#### [REQUIRED WORK]
Nothing but the lines from the one containing "Triptychon, 2017" through the last line of the records below should be written out, each exactly as it stands.

Extracted data entries:
************

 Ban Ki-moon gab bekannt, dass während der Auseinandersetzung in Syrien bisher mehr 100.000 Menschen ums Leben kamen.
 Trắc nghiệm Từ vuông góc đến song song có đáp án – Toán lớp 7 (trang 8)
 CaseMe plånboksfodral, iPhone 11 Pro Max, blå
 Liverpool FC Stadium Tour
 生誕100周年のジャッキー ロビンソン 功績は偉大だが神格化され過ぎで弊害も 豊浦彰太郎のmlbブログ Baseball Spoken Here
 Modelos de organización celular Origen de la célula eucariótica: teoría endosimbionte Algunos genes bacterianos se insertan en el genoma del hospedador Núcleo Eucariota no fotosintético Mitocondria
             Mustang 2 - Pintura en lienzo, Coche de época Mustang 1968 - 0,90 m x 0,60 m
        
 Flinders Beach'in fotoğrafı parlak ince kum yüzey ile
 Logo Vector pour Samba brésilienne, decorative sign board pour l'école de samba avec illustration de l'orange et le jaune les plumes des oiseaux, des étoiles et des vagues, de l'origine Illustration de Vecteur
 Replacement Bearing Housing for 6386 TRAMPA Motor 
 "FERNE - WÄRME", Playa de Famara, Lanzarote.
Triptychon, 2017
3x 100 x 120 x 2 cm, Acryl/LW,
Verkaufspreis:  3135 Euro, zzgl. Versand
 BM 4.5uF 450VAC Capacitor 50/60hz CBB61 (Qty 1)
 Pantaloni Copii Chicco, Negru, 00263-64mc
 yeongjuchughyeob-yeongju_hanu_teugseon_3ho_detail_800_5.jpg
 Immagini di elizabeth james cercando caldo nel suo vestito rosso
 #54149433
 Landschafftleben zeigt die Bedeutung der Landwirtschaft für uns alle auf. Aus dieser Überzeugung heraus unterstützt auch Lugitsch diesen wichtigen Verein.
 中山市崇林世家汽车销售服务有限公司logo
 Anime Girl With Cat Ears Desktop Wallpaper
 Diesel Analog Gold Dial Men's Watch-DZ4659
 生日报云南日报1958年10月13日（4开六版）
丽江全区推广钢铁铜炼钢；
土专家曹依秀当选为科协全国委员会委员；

************

#### [RESULT OF THIS TASK]
Triptychon, 2017
3x 100 x 120 x 2 cm, Acryl/LW,
Verkaufspreis:  3135 Euro, zzgl. Versand
 BM 4.5uF 450VAC Capacitor 50/60hz CBB61 (Qty 1)
 Pantaloni Copii Chicco, Negru, 00263-64mc
 yeongjuchughyeob-yeongju_hanu_teugseon_3ho_detail_800_5.jpg
 Immagini di elizabeth james cercando caldo nel suo vestito rosso
 #54149433
 Landschafftleben zeigt die Bedeutung der Landwirtschaft für uns alle auf. Aus dieser Überzeugung heraus unterstützt auch Lugitsch diesen wichtigen Verein.
 中山市崇林世家汽车销售服务有限公司logo
 Anime Girl With Cat Ears Desktop Wallpaper
 Diesel Analog Gold Dial Men's Watch-DZ4659
 生日报云南日报1958年10月13日（4开六版）
丽江全区推广钢铁铜炼钢；
土专家曹依秀当选为科协全国委员会委员；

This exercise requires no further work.